Die praat over ‘wedergeboorte’ en een héél nieuw leven!

Joh. 12:24

Ik zegt u, als de graankorrel niet in de aarde valt…(dat staat er expres bij).

‘Niet in de aarde valt’ betekent dus dat je het los gelaten hebt en dat het valt, en dan vált het in de aarde.

…dan blijft zij op zichzelf; (de Naardense bijbel vertaalt het met: hij blijf alleen; met al je gedoe.

Het is toch niet goed dat een mens alleen is, dat is zo slecht. Je blijft alleen.

Als je sterft, dan breng jij vruchten voort.

De dood gaat aan het leven vooraf.

Nou lees je in allerlei tijdschriften, vooral vandaag aan de dag, heel veel advertenties over het spirituele, dat geestelijk zweverige. Je moet met van alles bezig zijn

Dat spirituele gezweef, dat mystieke gedraai om jezelf. Eindeloos over jezelf.

Ik noem enkele stukjes uit die advertenties: stilte-retraites, nou is stilte niet slecht maar…, kom naar onze stilte-boerderij…., volg daar een intuïtie-cursus, zoeken naar je diepste zelf…, openbaring van je identiteit, thuiskomen bij jezelf.., enzovoort, enzovoort.

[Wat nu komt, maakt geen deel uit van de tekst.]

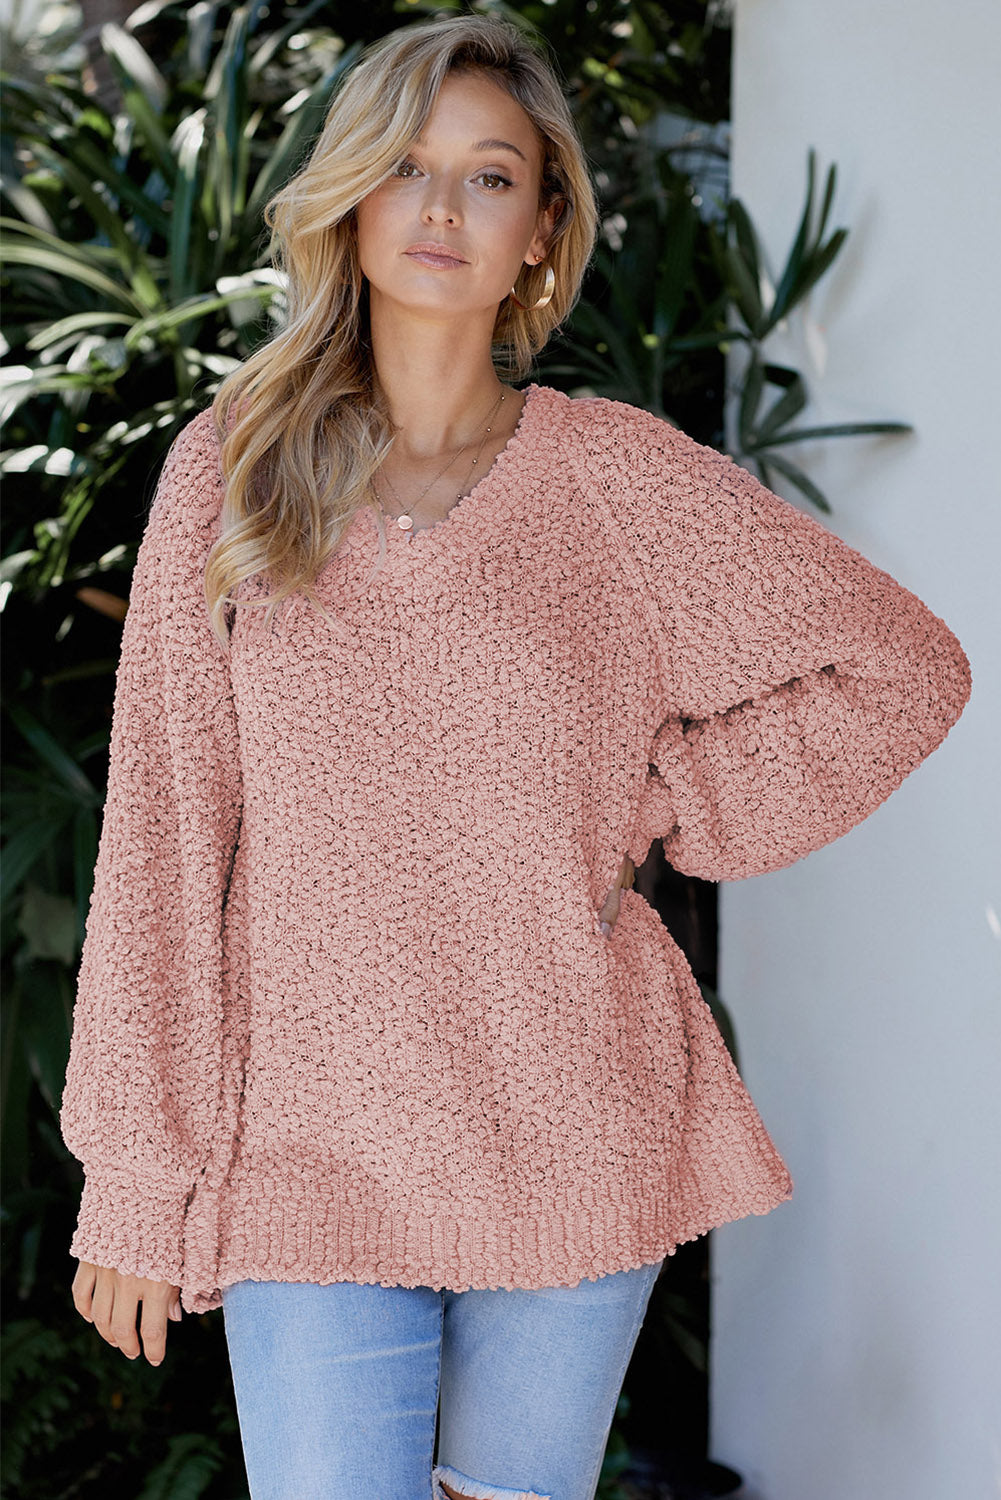 Chill in The Air Sweater

En dat allemaal met een waas van godsdienstigheid er omheen. Dat noem je dan God, dat vage! Dat God eigenlijk van nature al in je woont…, wat onzin is.

God woont niet van nature in je.

Dat kan niet.

En wat je ook veel tegenkomt dat is: dat de Christus van nature in je woont, vanaf je geboorte al. Waar gaat dit over?

Er is helemaal geen overgang.

Dat oneindige zèlfonderzoek.

De kerkvader Augustinus hamerde daar altijd op: zelfonderzoek, zelfonderzoek…

Dan doorzoek je de tempel niet meer, en dan vind je ook geen schatten Gods.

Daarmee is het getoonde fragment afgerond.